INCLINE VILLAGE, Nev. - Given a choice, I believe I would rather have the Hantavirus than the virus that recently infected my computer. With the Hantavirus at least I might have had time to compose my last will and testament, get my worldly affairs in order and kiss my loved ones goodbye.

But the scare-ware virus that vaporized my hard-drive did give me time even to bend over and kiss my one thousand Mark Twain files goodbye, files I had taken great care to cobble together over a 30-year span to adequately prepare for various Twain programs.

As a specific example, next month I have a trial in Phoenix whereby I'm being tried as the Ghost of Mark Twain for publishing racist materials, and the students in Mrs. Allen's AP English class are getting their evidence out of Huckleberry Finn -real courtroom, real judge. My case is lost. (In full disclosure, Mrs. Allen's kids have taken me to grass once before when I had access to all my files.)

Well, as it happened, good news arrived in a flashing alert on my computer screen that told me "On Pay, Inc." could restore my files for $85, and they could do it with a couple of clicks and my credit card ... they conveniently left one browser open to allow a credit card transaction.

I figured if these people could suck the life out of my computer, what could they do with my credit card account? So I called my good friend and computer wiz Sebastian McAlister, who was able to kill the dragon and recommend a virus protector, though, alas, I thought the lifeline to my profession was forever lost, not to mention my instructions on how to save the world.

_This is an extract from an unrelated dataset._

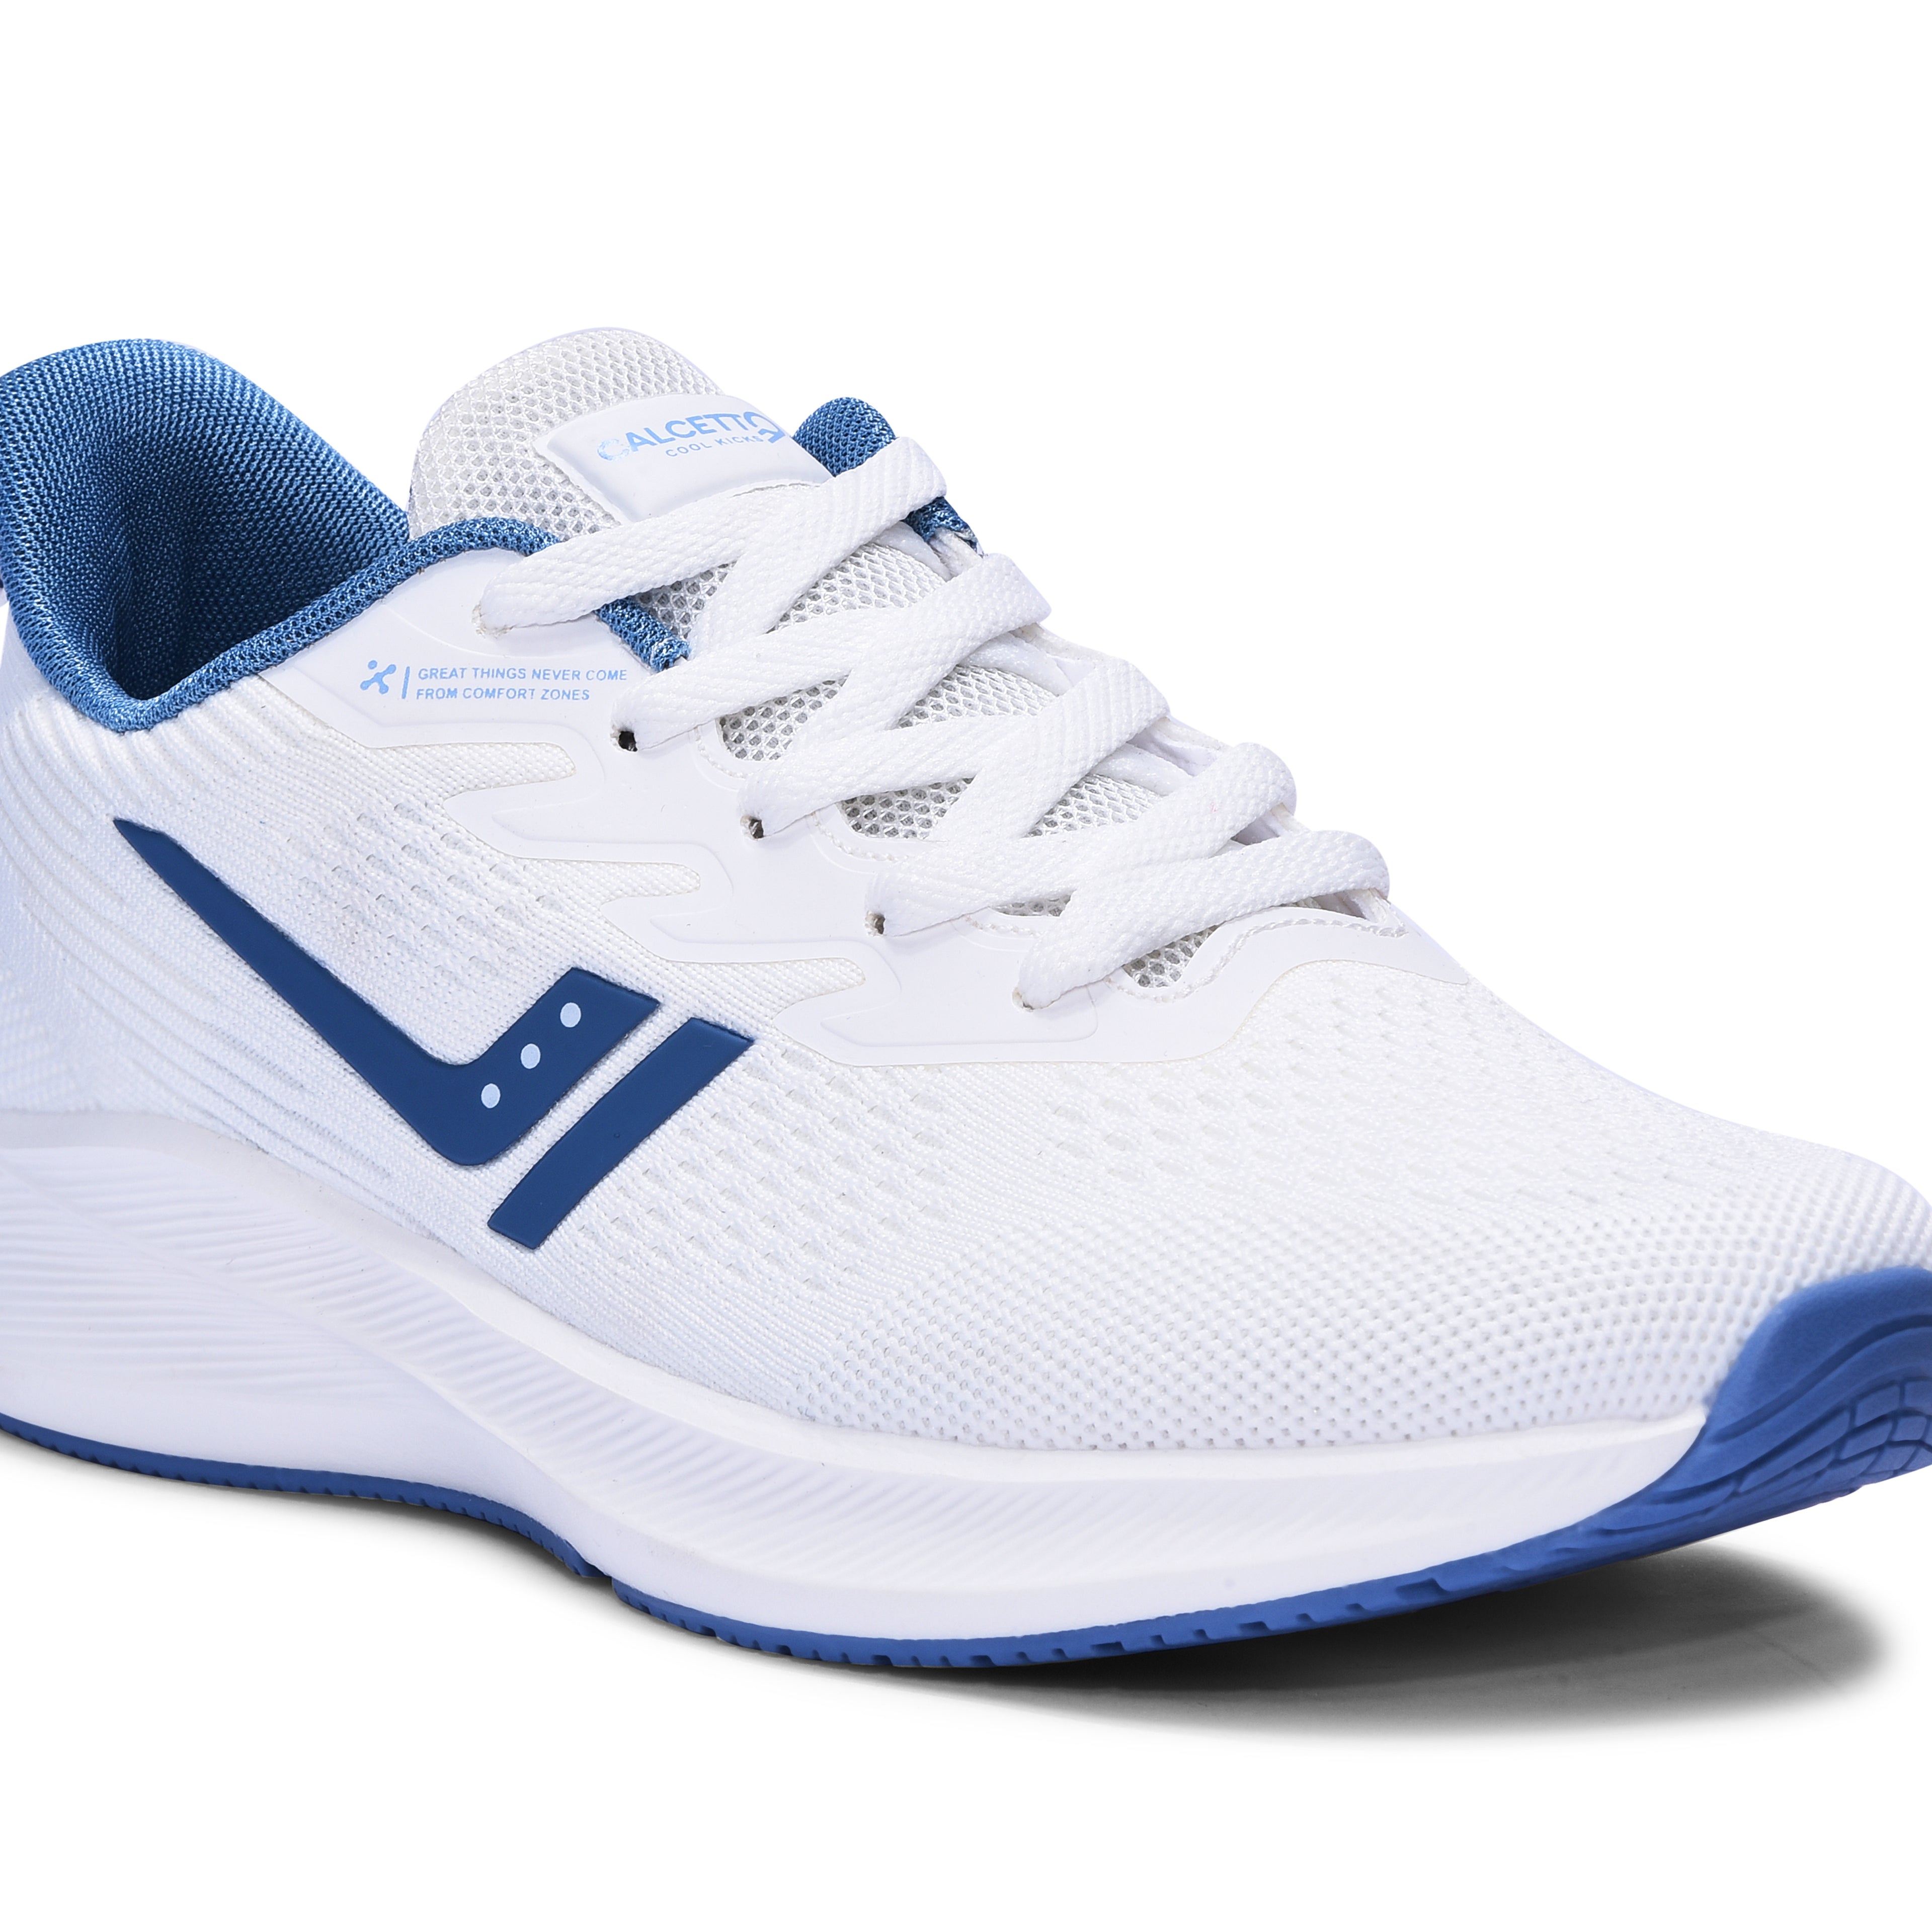 Calcetto CLT-0964 White Running Shoe For Men

But wait. My old Diamond Peak skiing buddy, Mark Pilarski used to inveigh with great passion, "Back-up, Back-up, Back-up!" So over the course of several years I developed a habit of backing up my computer on the first of every month, which I did with diligence on the first of October. On the 2nd of October I did not hear that great sucking sound as my life's work was being sluiced out of my computer, apparently by somebody in India who has no real need for a thousand Twain files, but could use the $85. Albeit, thanks to Mark P. and Seb, I lost not 30 years of work, not one year of work, not one month of work, but one day of work. Grateful? There are no words.

I guess my question now is, how can anyone smart enough to conceive of such a devious scam and configure the technological roadmap to perpetrate it, choose a life of crime when they obviously have brains enough to make a perfectly good living within the law. My next question might be, who let this person down? His parents? His school? His religion? Perhaps not one of these guiding lights was on long enough to make a difference. Who knows.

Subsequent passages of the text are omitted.